Hacker News new | ask | show | jobs
by urschrei 5453 days ago
I would respectfully allow that anyone who can't comprehend what the index is for with the aid of two paragraphs and a diagram should be looking for an alternate career. The index is important. It's one of the great things about Git; without it, you wouldn't be able to create commits from a subset of the difference between your working directory and HEAD. It also has a confusing name, but here we are.
5 comments

> It's one of the great things about Git; without it, you wouldn't be able to create commits from a subset of the difference between your working directory and HEAD.

I never understood that. I can do this just fine even with TortoiseSVN. Just click "commit" and select the files you want to include in this commit. I don't see how I need to keep yet another data structure / piece of "state" in the back of my head for that. I definitely don't see why I have to look for an alternate career because of that.

Am I missing something?

The benefit that the index gets you in such a situation is that sometimes you are working on two unrelated changes at the same time, but they both touch the same file. Git (using the -p flag to the add command) lets you interactively select portions of a file to add to the index.
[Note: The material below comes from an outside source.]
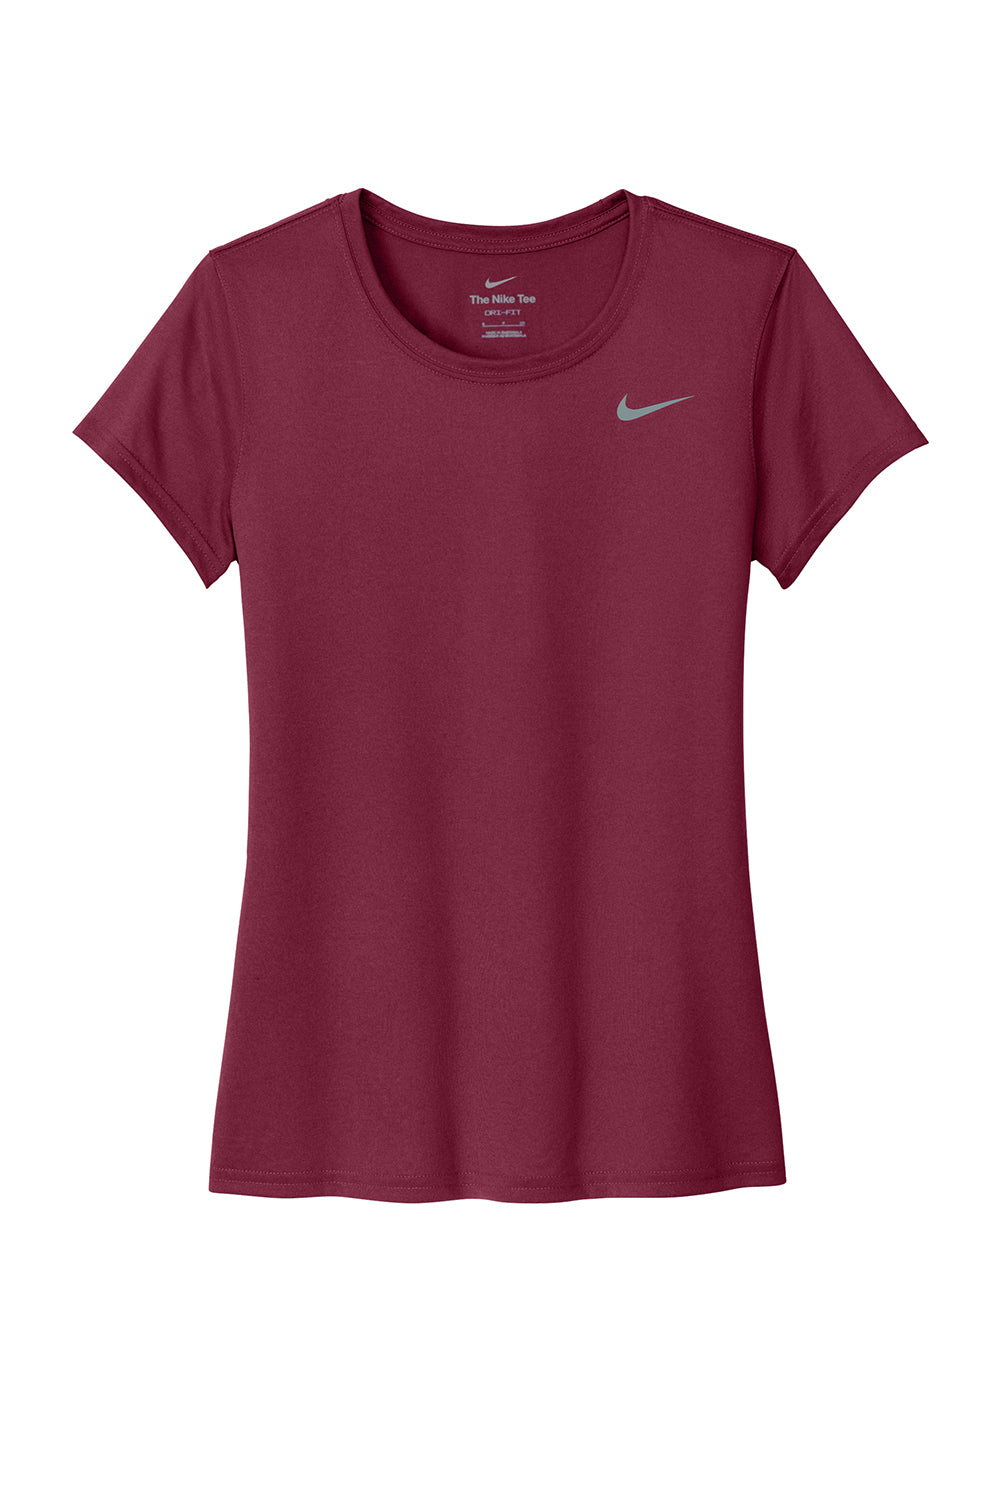 Nike DV7312 Womens Team rLegend Dri-Fit Moisture Wicking Short Sleeve Crewneck T-Shirt Team Maroon Flat Front

The interface is pretty simple: it just shows you each small piece of diff to the files you are adding, and you say whether you want to include that bit of diff in the index or leave it in the working directory. Alternately, it can drop you into a view of the diff in the editor, and you can add or modify diff lines as you please.

Honestly though, if you're doing that you should be using two different branches. Which is another thing git is wonderful for.
Yes, you are; SVN doesn't allow you to commit parts of a file -- it works at the file level. Git allows you to commit an arbitrary subset of changed lines from whatever files you've changed in your working copy. It doesn't track changes to files, it tracks changes to content in its tree. See here for a more complete explanation: https://git.wiki.kernel.org/index.php/GitFaq#Why_is_.22git_c...
> Am I missing something?

Yes. In git you can also do 'git add -p', which lets you interactively add pieces of a diff to the index, not just entire files.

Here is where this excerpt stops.